指を差されそう言われて、立ち上がって反論しようとしたのに制されたみたいになって。



…いやさ、別に俺は何が何でも上がいいとかじゃないのよ。


なんで俺の意見も無しに既に決まっちゃってんのって。


それになに?
"誰がどう見ても俺が下"みたいな言い方。


それ完全に体格差だけで言ってんだろ。



「…もういい、分かった。俺がそっちなのね」

「……」

「いいよそれで。相葉さんが言うんならそれでいい」



いいの。


別にいいんだよ、結局そうなんだもん。


相葉さんがそうしたいなら俺はそうするし。



「…にのごめん。
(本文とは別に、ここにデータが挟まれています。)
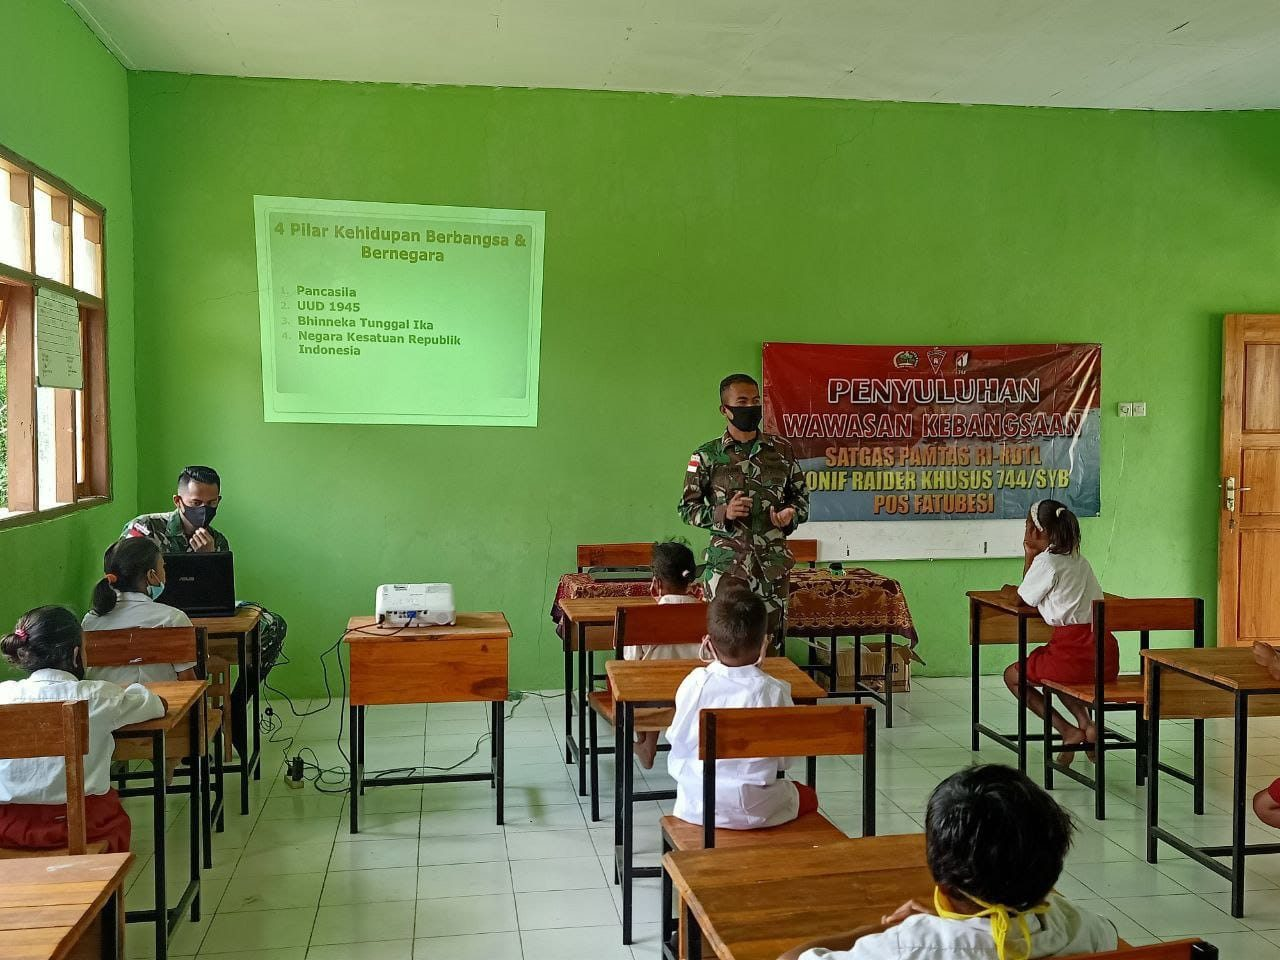 Tanamkan Rasa Cinta Tanah Air, Satgas Yonif RK 744 Berikan Wawasan Kebangsaan di Sekolah Perbatasan

俺、勝手に決めちゃってた」

「…もういいって」

「ごめんね、にの」


そう言って隣に座り肩をぎゅっと引き寄せられ。


頭をこつんと付けられながら突然の密着にどくんと心臓が波打つ。


「ごめん俺…にのはもうそっちしか頭になかった」

「……」

「勝手だよね…いやだってさ、想像してもそっちしかないんだもん」

「…いいってもう」

「にのが上とか全然想像できな、」

「やめろって!」


これ以上聞いてられなくて相葉さんから離れれば、ゆるゆると口角が上がっていくのが目に入って。


「ごめんね、にの」


満面の笑みで謝りながら唇を寄せてきたから。


「っ、やめろや!」


またまんまと嵌められた感が否めず、体を捩ってせめてもの抵抗をする。


「にーの、ごめーんね」

「くはっ、やめっ…離せっ!」


二人して笑いながらソファにごろんと転がり、尚もジタバタと腕を動かしていると。


急に動きがピタッと止み、相葉さんの顔が真上で翳っていて。


開けていた口を閉じるのも忘れて、見下ろされる瞳に捕らわれ続け。



下って…こんな気分なんだ。


うわやばい…


緊張するかも…



「…だめだ、抑えらんなくなりそう」


張り詰めていた糸を断ち切るように、ふぅと息を吐いて起き上がった相葉さんは。


今まで一度も見たことのない色の瞳をしていた。